Gays Make History In California

Katy Grimes:

Democratic Gov. Jerry Brown signed a strange new bill into law yesterday requiring public schools in California to teach students about lesbian, gay, bisexual and transgender Americans, beginning January 1, 2011.

California public school textbooks will be required to to be rewritten to include the contributions gay Americans have made in history. However, the state is broke, so writing and printing new textbooks will have to wait until 2015. But that won’t stop many teacher-activists.

“This bill revises existing laws that prohibit discrimination in education and ensures that the important contributions of Americans from all backgrounds and walks of life are included in our history books,” Brown said in a statement yesterday about SB48, introduced by state Sen. Mark Leno, D-San Francisco.

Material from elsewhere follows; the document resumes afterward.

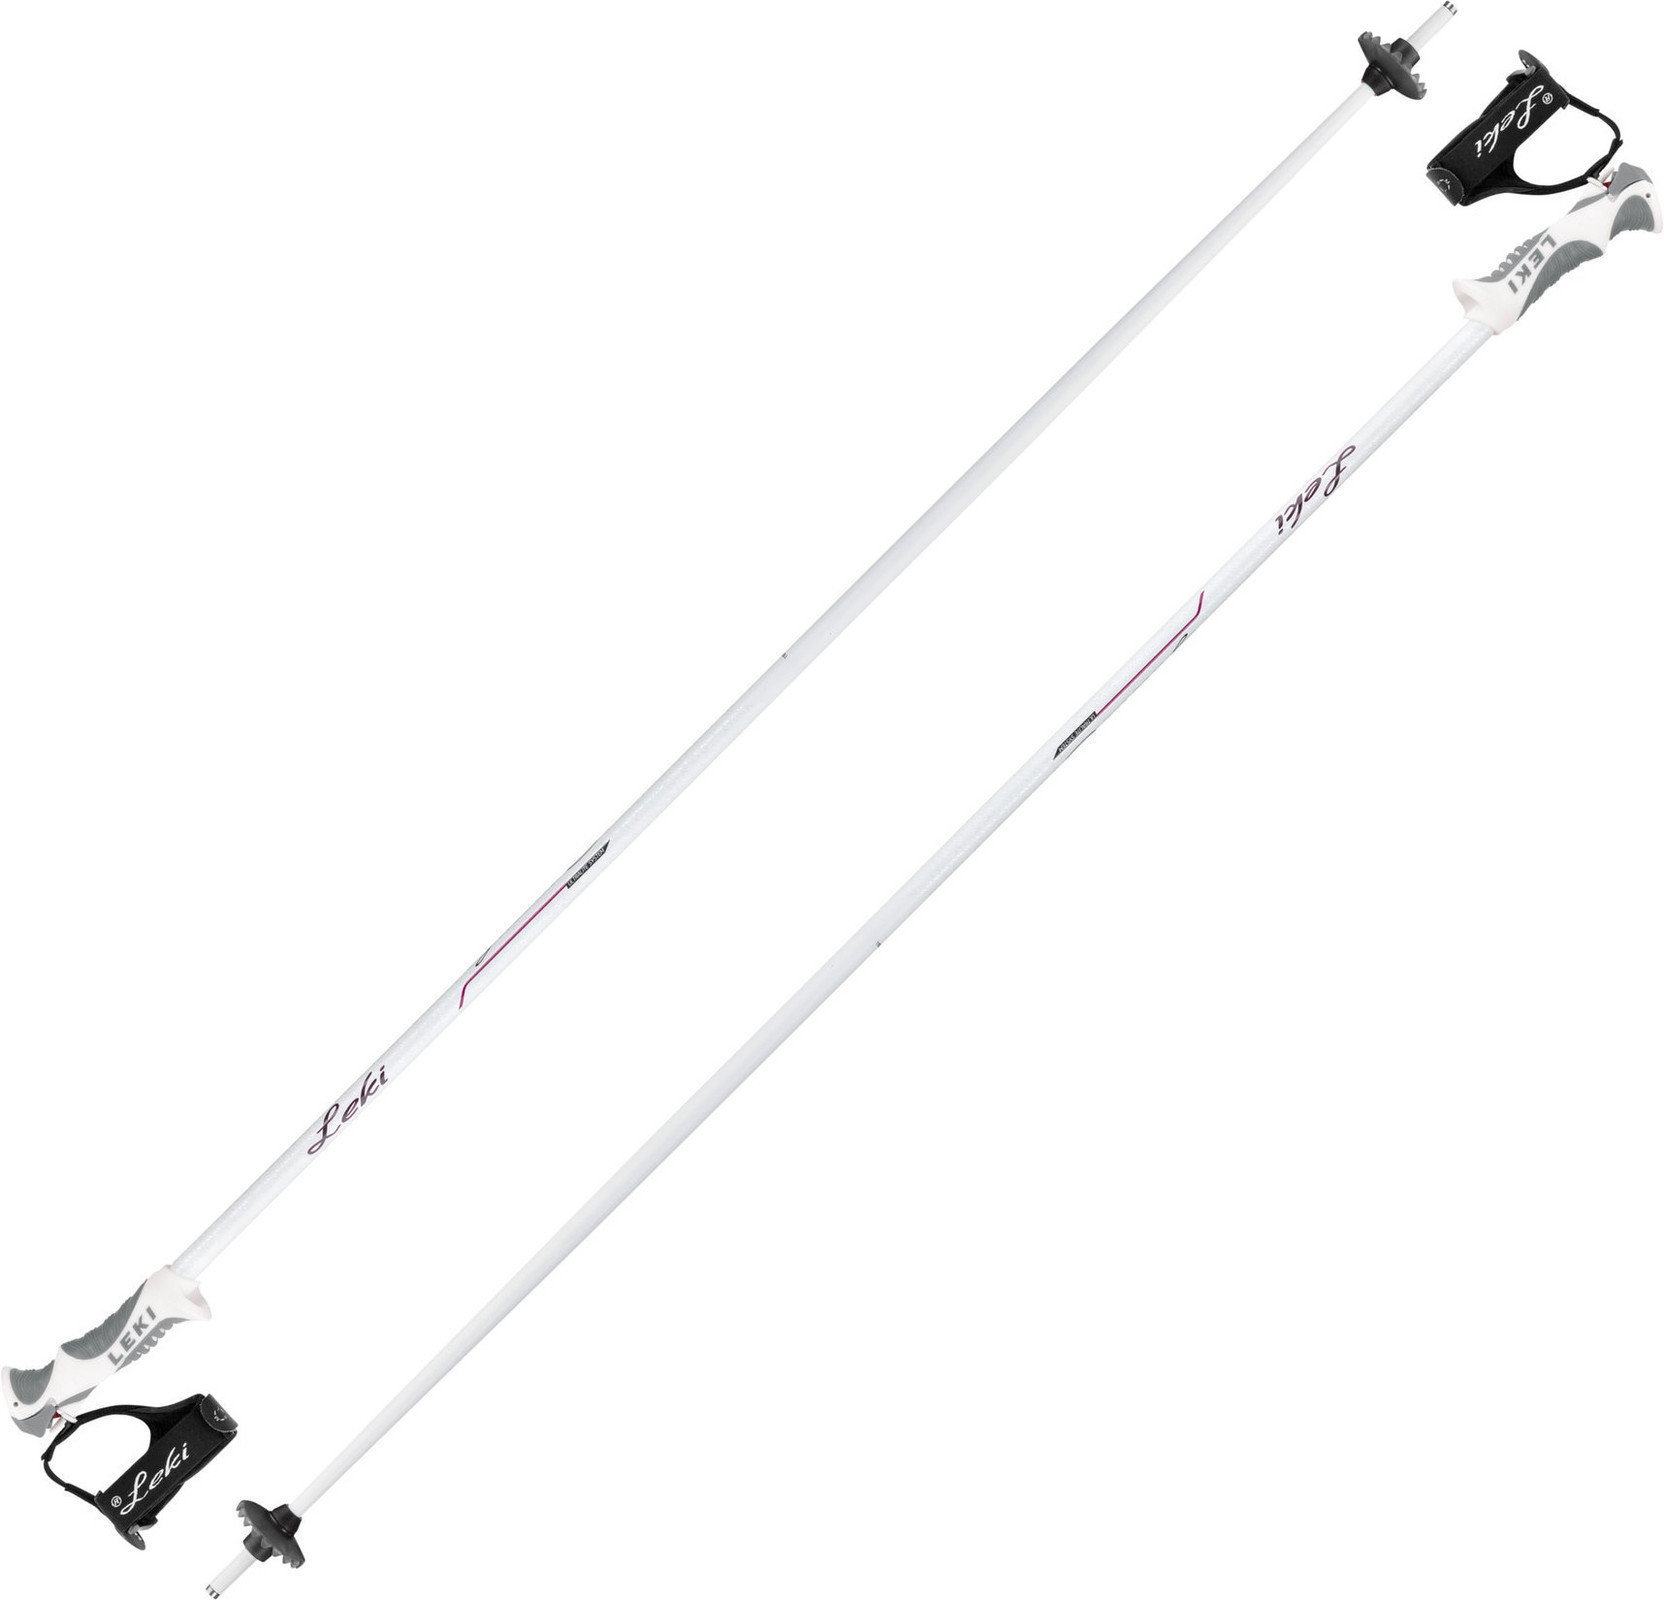 Ski-stokken Leki Giulia S White/Anthracite/Berry 115 cm Ski-stokken

Unless the state has rewritten history since I was last in school, the important contributions of Americans from all backgrounds and walks of life are already included in our history books. We just don’t teach children about the sex lives of our founding fathers, or presidents, or military heroes or famous suffragettes.

“History should reflect significant issues and events, and the people responsible for them,” said my dad, a retired history teacher.

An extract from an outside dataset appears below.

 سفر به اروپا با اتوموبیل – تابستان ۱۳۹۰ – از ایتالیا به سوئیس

But liberals want history taught their way. They want history to reflect them instead of teaching solely about the events and issues, and periods in time.

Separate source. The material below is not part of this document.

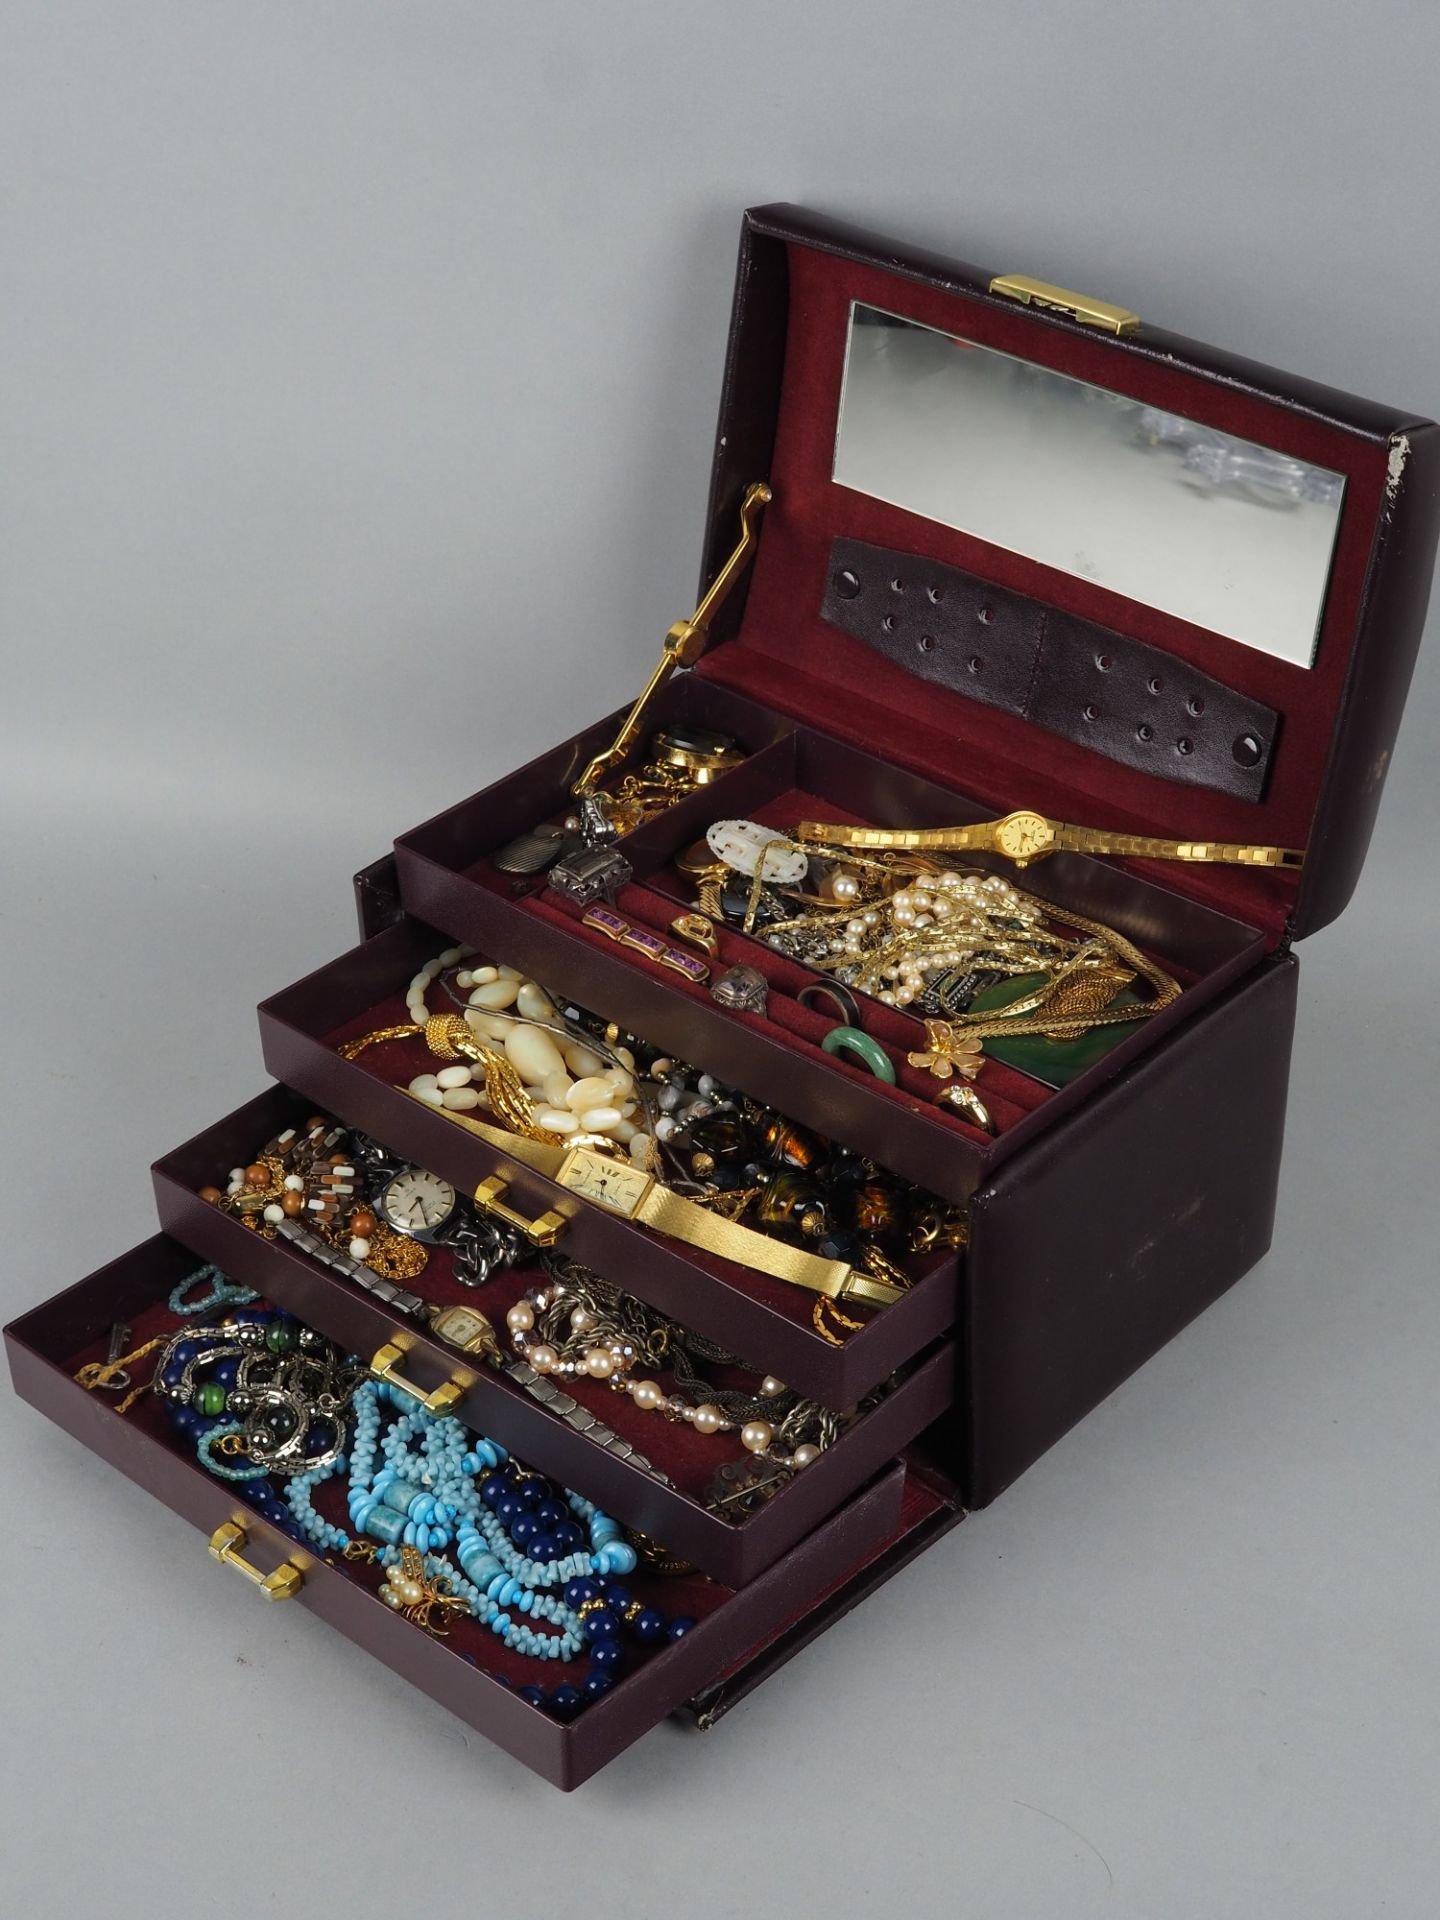 Convolute costume jewelry in jewelry case.

It is trivial and ridiculous to go back in history and demonize or lionize decisions by people. It would be just as absurd to condemn Christopher Columbus today for owning slaves. In the 15th Century, slave ownership was widely practiced and accepted.

Martin Luther King’s sex life, whether gay or straight, should not ever be more important or even significant. He was a prominent leader of the civil rights movement in America. That is what he accomplished. His personal life and personal choices were his to live with and deal with.

But once again, in a weirdly obsessive quest to be the first state in the nation to do something avant garde, California’s lawmakers and governor opted for publicity instead of substance.

Breaking down the demographics of the figures in history has little relevance to the events.

The discovery of America by Columbus had nothing to do with whether he was a gay or straight man, or had a stable of mistresses on board the Nina, the Pinta or the Santa Maria.

A teaching of social history should recognize the increase of gay rights and changes in society. However, singling out gays’ accomplishments over other important historical figures is what this law will do — and in doing so, trivialize all people who have made history. It also makes a mockery of California’s public education system.